[Excerpted records]
%%

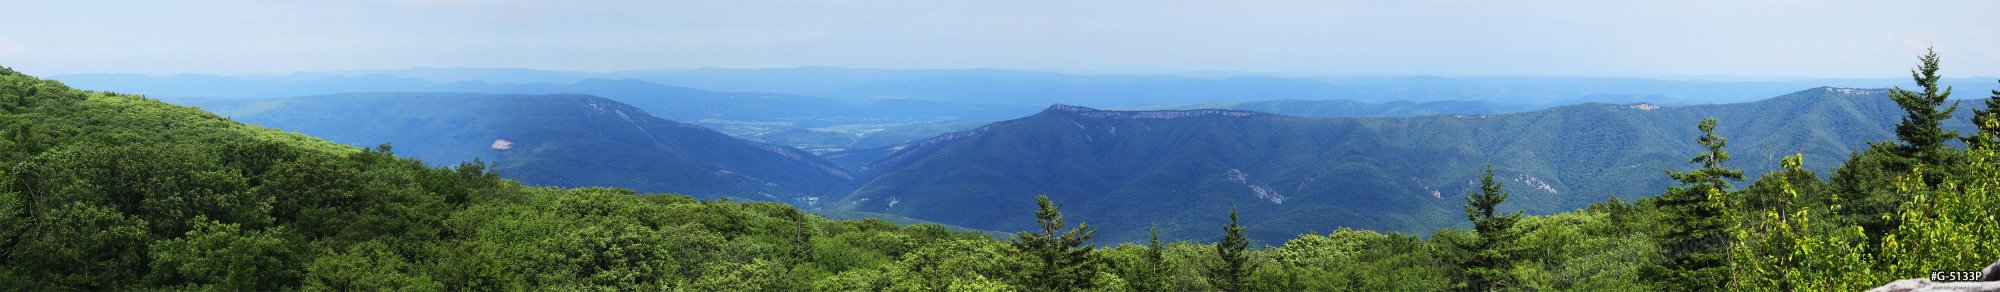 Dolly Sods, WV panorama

%%
%%

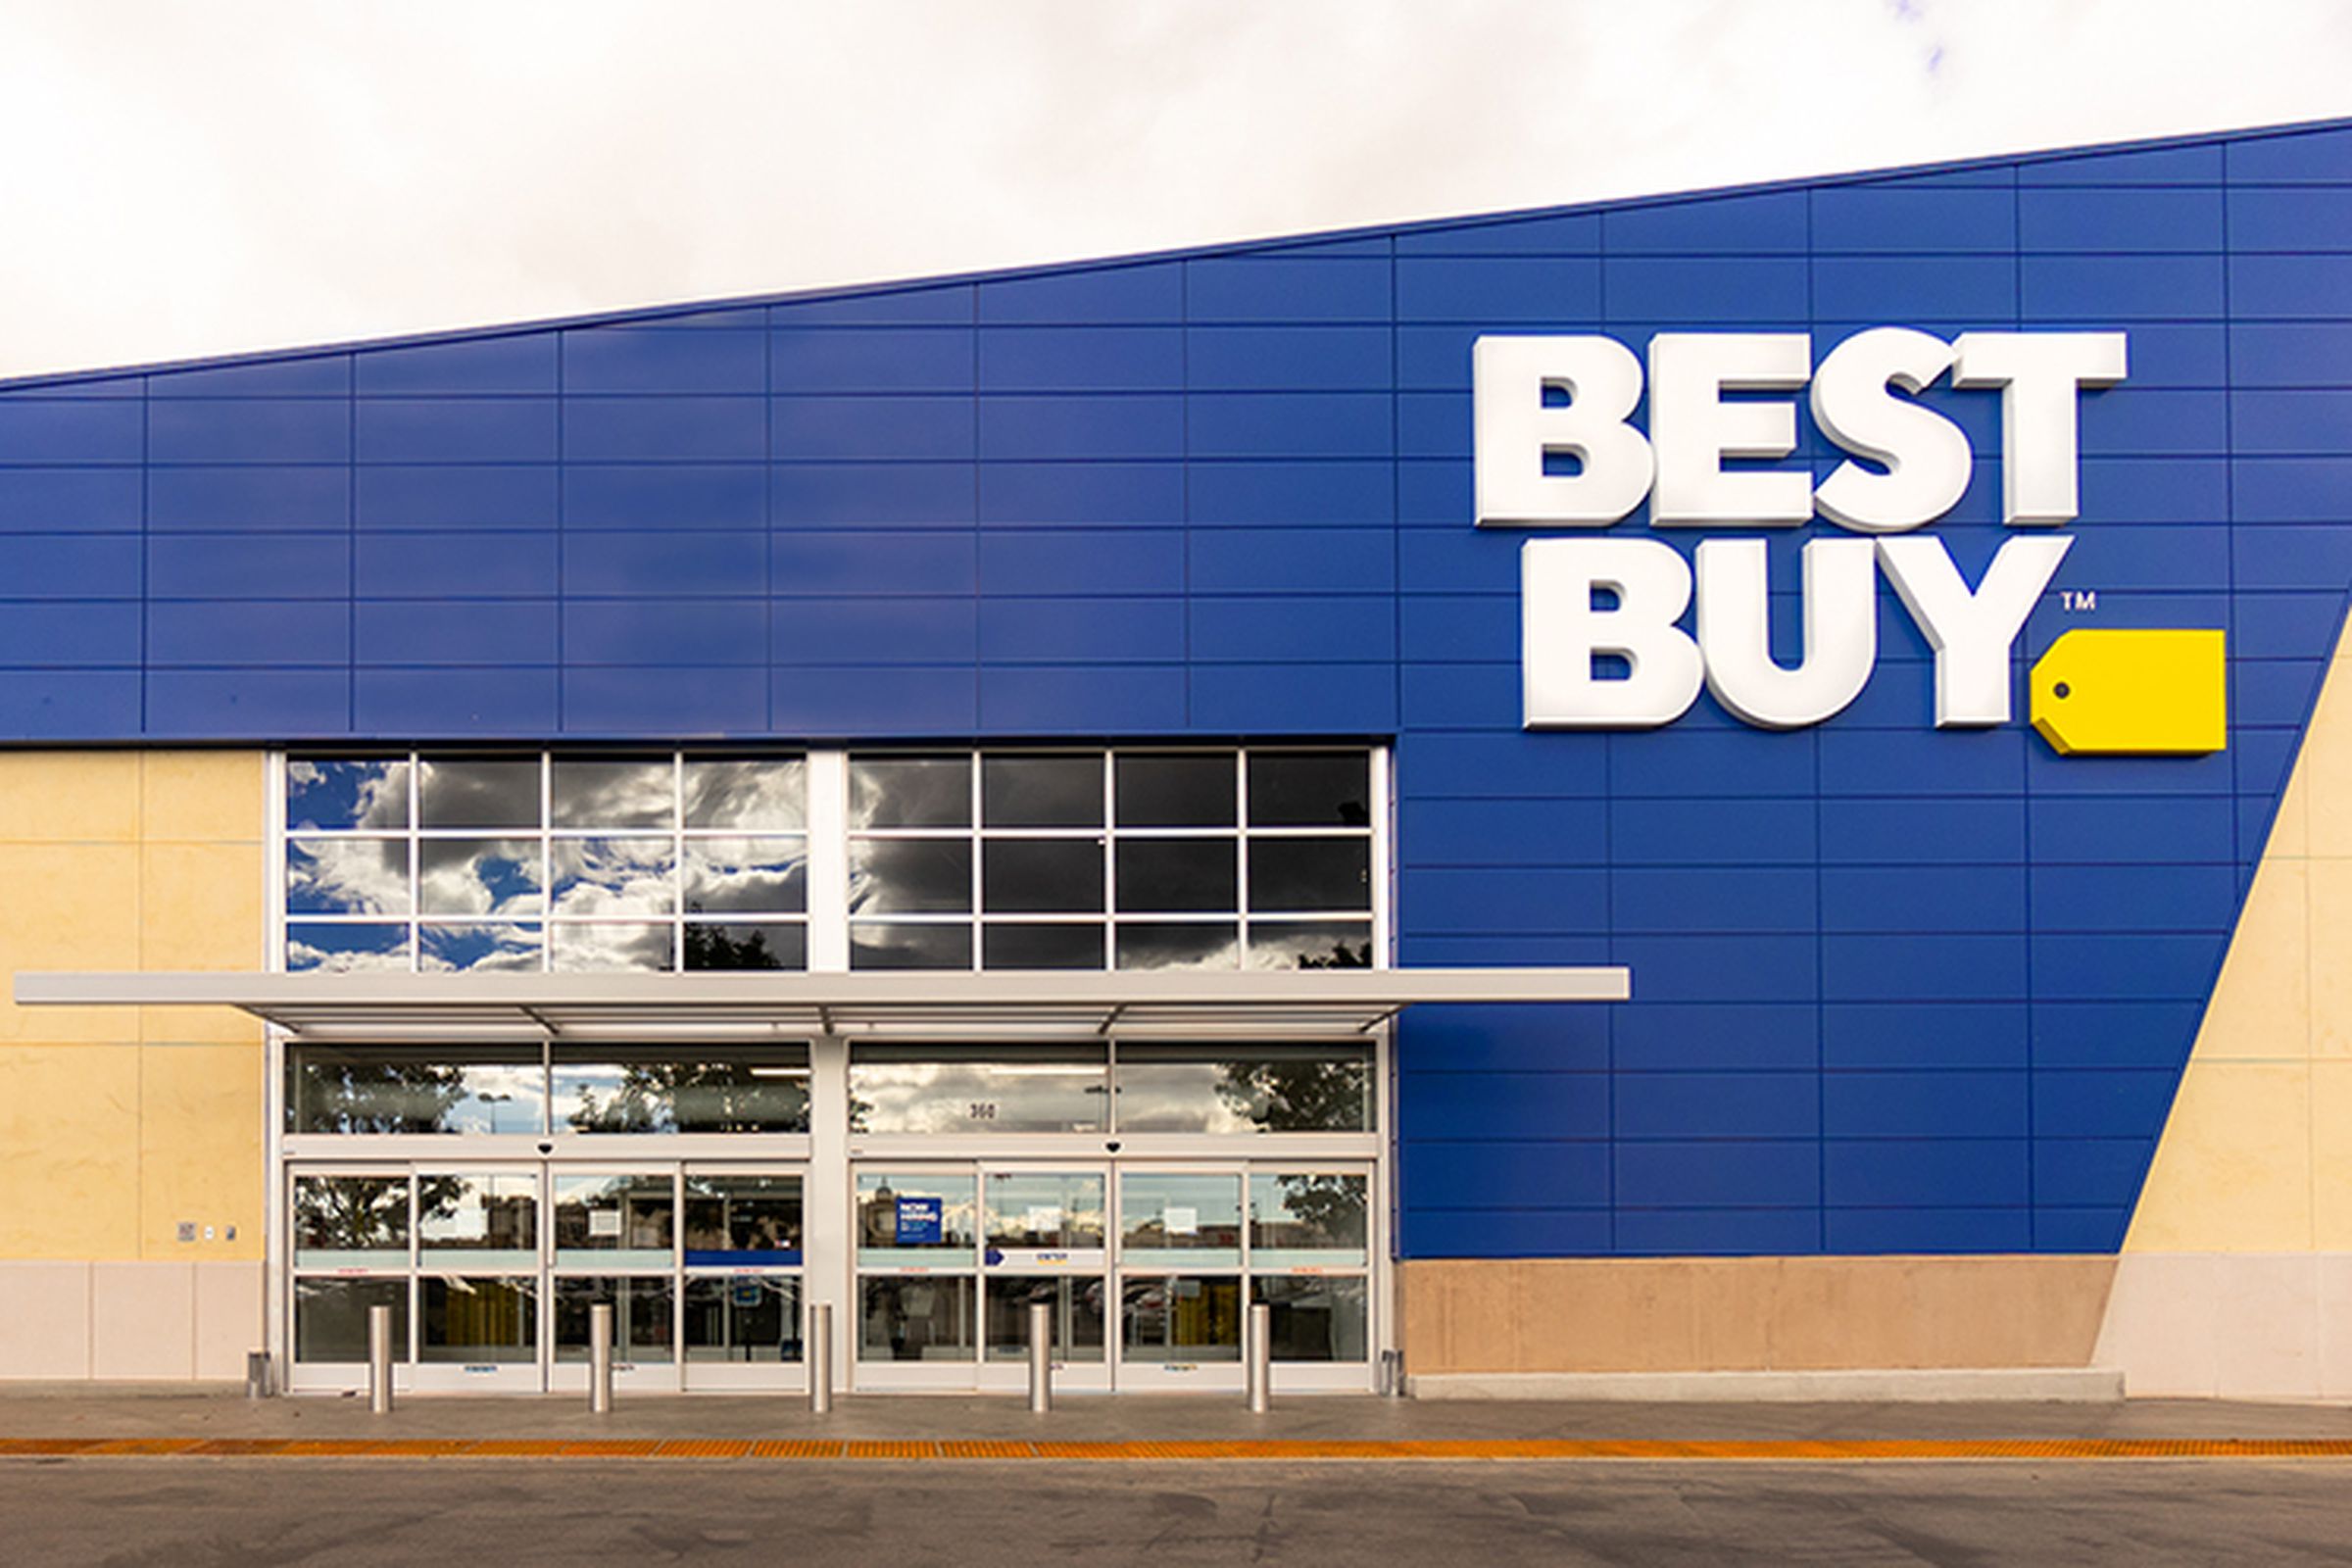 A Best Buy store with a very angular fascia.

%%
%%

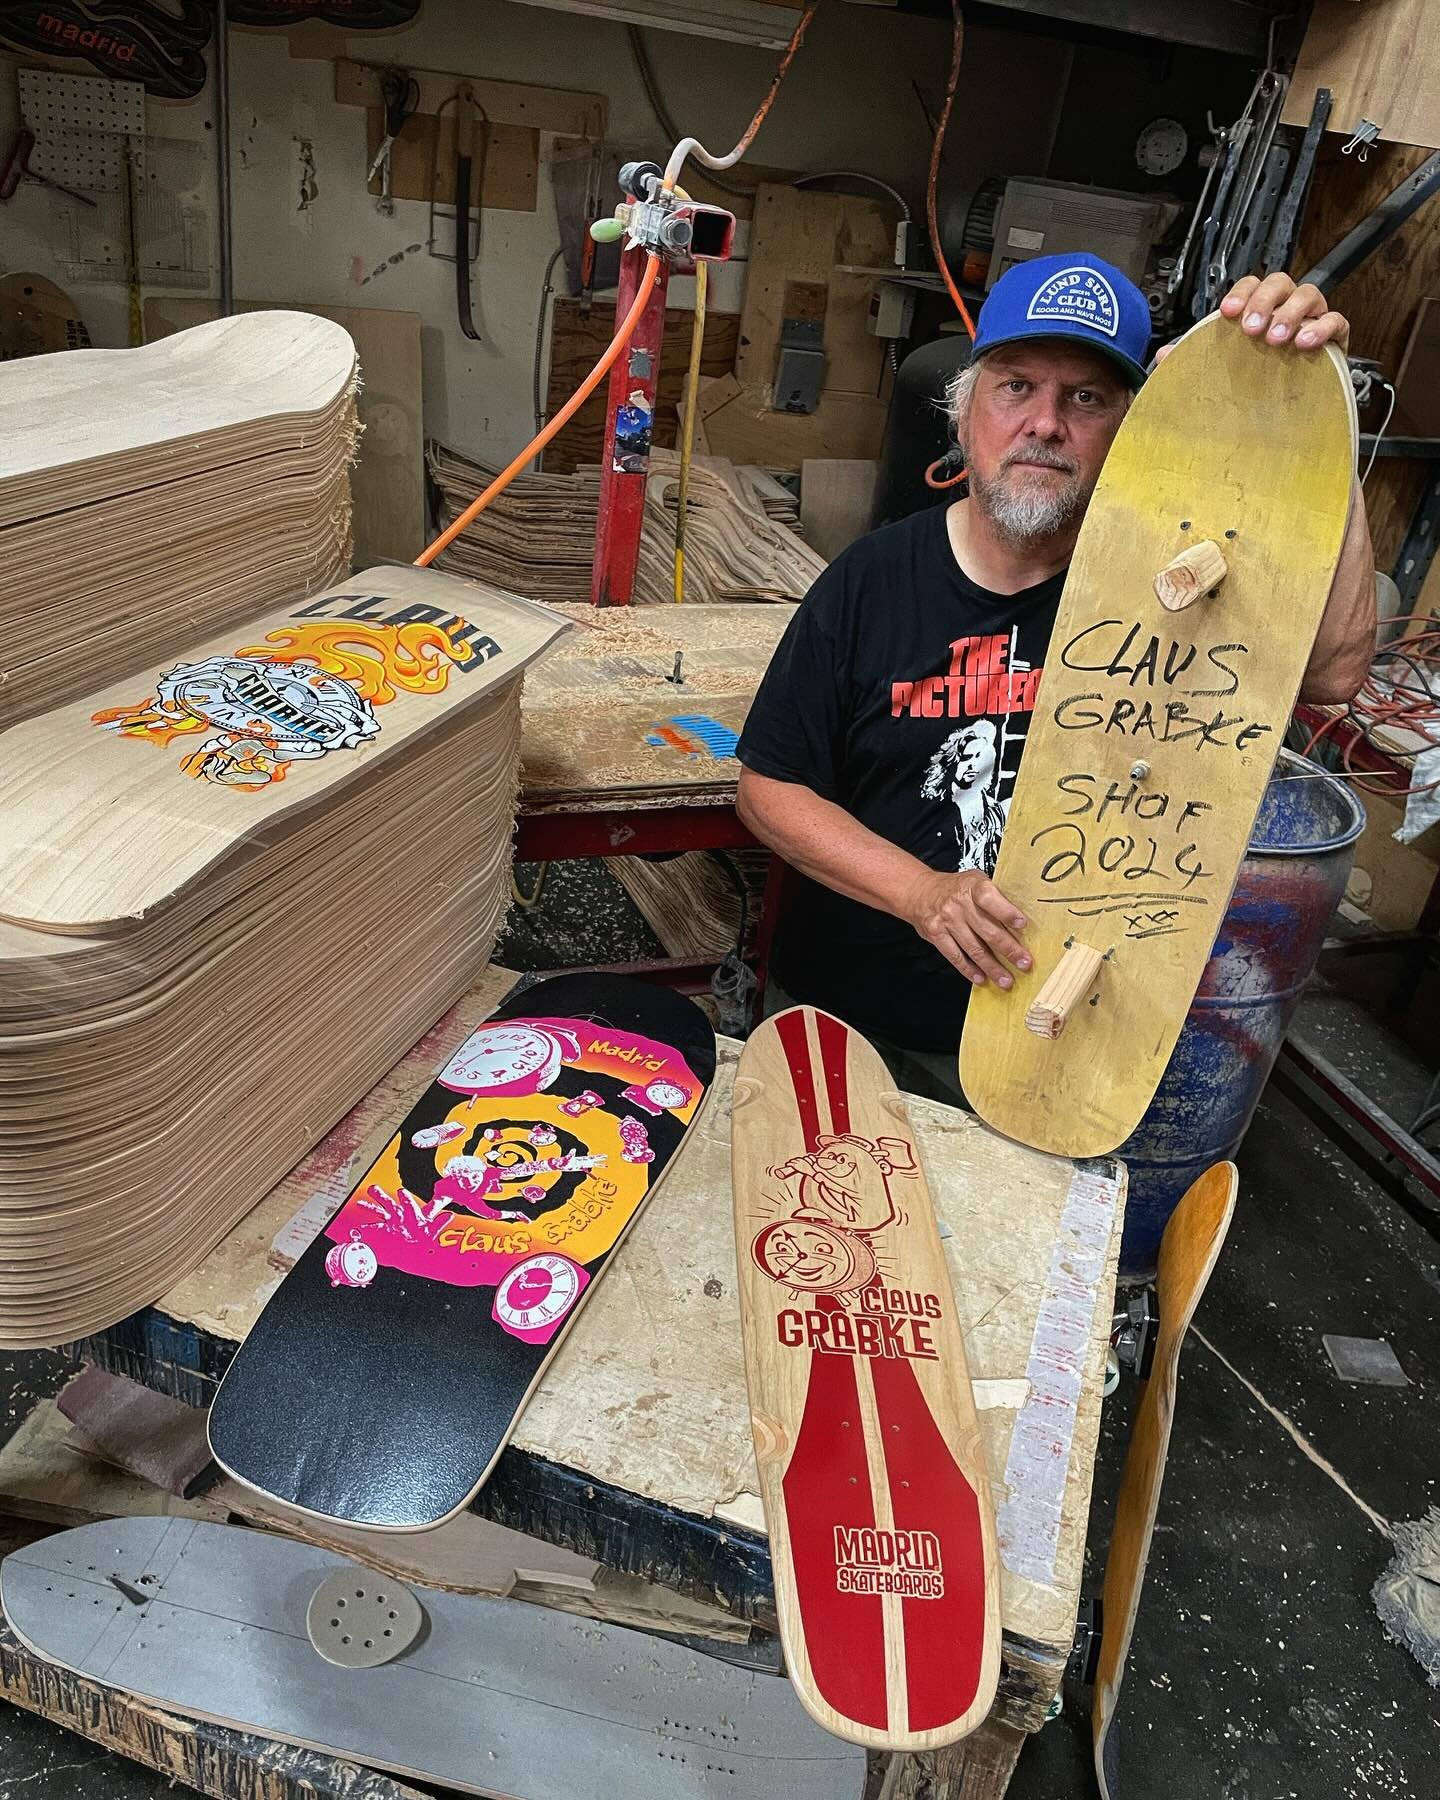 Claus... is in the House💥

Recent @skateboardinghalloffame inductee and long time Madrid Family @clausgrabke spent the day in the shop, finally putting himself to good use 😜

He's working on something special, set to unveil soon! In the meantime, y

%%

[Activity] Extract from the listing above the lines between the line containing "Recent @skateboardinghalloffame inductee" and the line containing "He's working on", keeping both of those lines. Output nothing else.

[Result of the task]
Recent @skateboardinghalloffame inductee and long time Madrid Family @clausgrabke spent the day in the shop, finally putting himself to good use 😜

He's working on something special, set to unveil soon! In the meantime, y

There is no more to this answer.